Adopt a pay-go, pay-off strategy
With a few exceptions, don't charge more than you can afford to pay off in full every month. Ideally, the only debt you should carry from month to month should be mortgage debt and student loan debt, the interest on which may be deducted on your tax return and which represent investments that can pay off later (your home and your education).
For new homeowners who can't afford to pay outright to furnish their first place, I suggests asking the furniture store if there is a 0-percent interest policy for one year. Then be sure to pay off the entire amount charged before the year is out. Otherwise, you'll get hit with deferred interest.
Pay off high-interest credit card debt as soon as possible, diverting some of the money set for savings if need be to do it. It makes little sense to pay 15-plus percent interest on credit card debt when you're only earning between 4 percent and 8 percent on your savings.
Take cover
A health crisis can be a fast lane to debt if you don't have health insurance. But so, too, can long periods of disability unless you have disability insurance.
At a minimum, you want to have short-term disability benefits covering 100 percent of your gross pay for three months, and at least 60 percent to 70 percent of your pay for longer term disability.
If you're the main breadwinner in your family, i would suggests bumping up your long-term disability payments as close to 100 percent of your pay as possible. And do take note Insurers aren't likely to offer policies that cover the full 100 percent, but having something is always better than having nothing at all.
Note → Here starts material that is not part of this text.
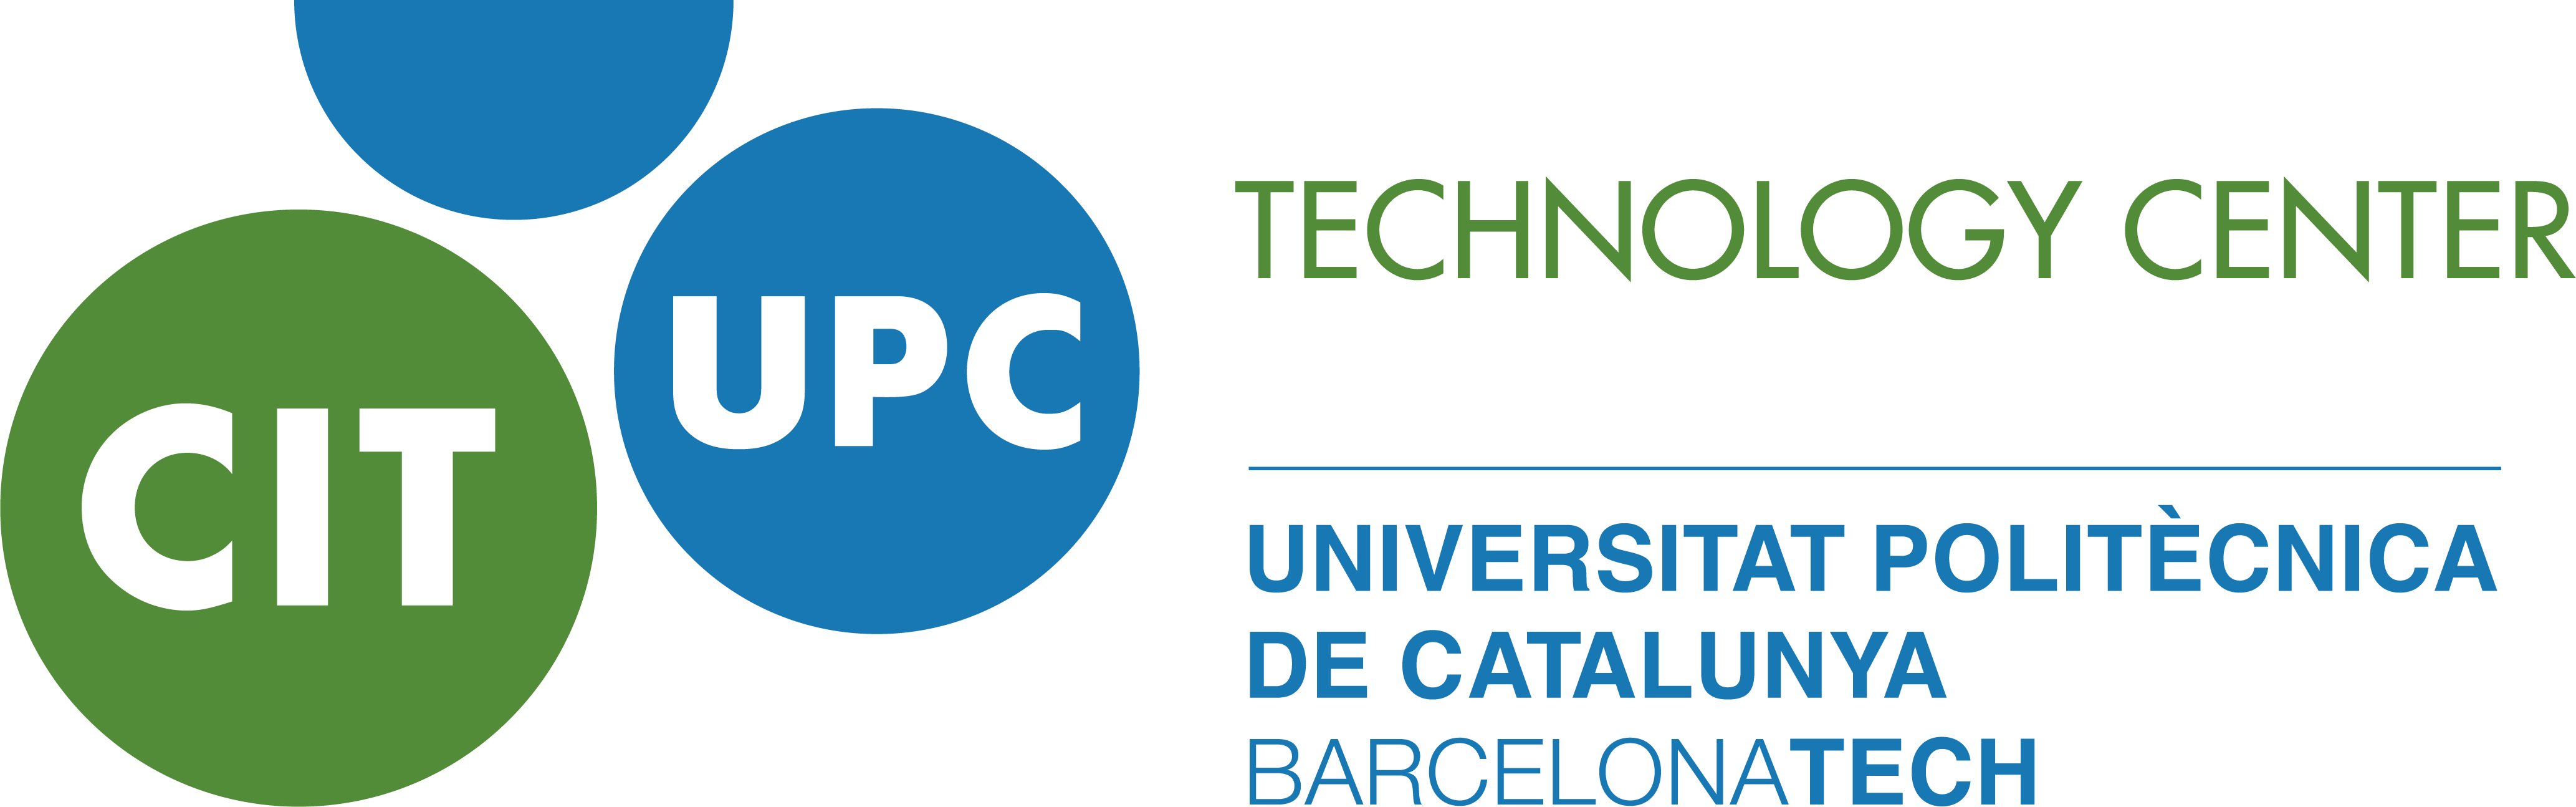 UPC and CARNET create a prototype of an autonomous vehicle for delivering goods that will be tested in Esplugues de Llobregat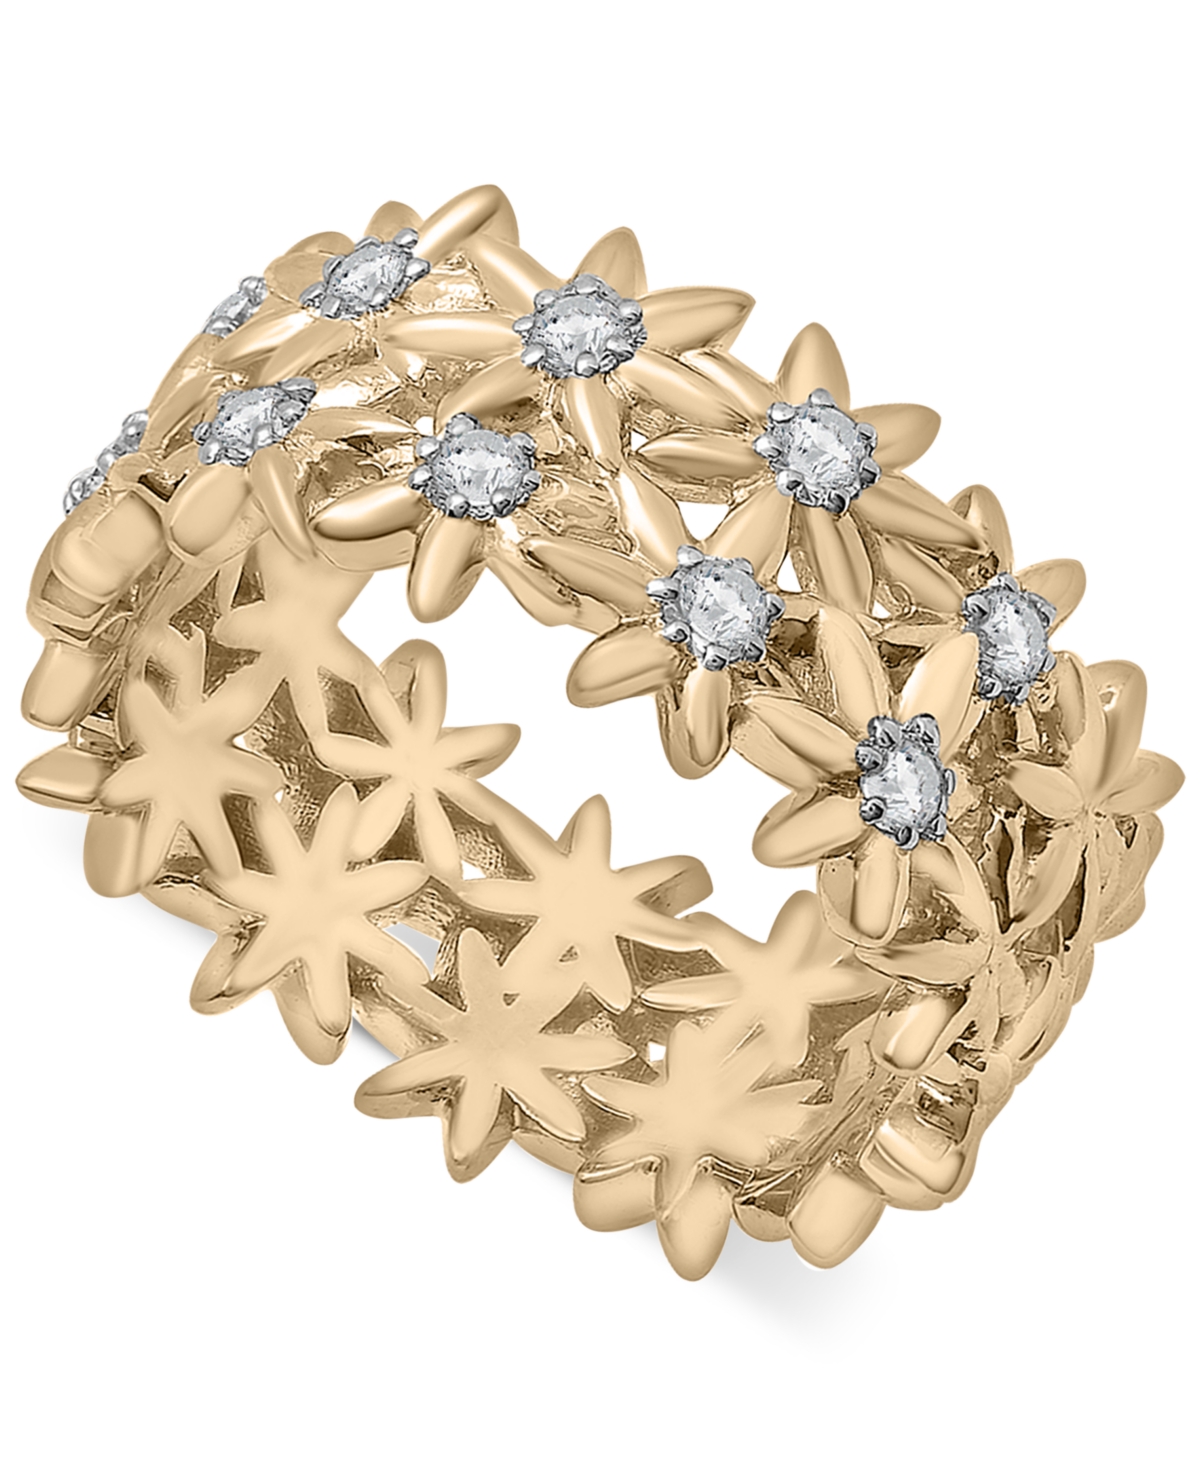 Diamond Flower Ring (1/3 ct. t.w.) in Gold Vermeil, Created for Macy's - Gold Vermeil

As for life insurance, if you're the main breadwinner and have young kids, you might consider getting a term life policy which is less expensive than whole life -- worth 7 to 10 times your annual salary, or whatever your calculate your kids will need to get them through college and what your surviving spouse will need until then and thereafter.
I will cover more on the types of insurance later.hope you find this first post of mine Informative.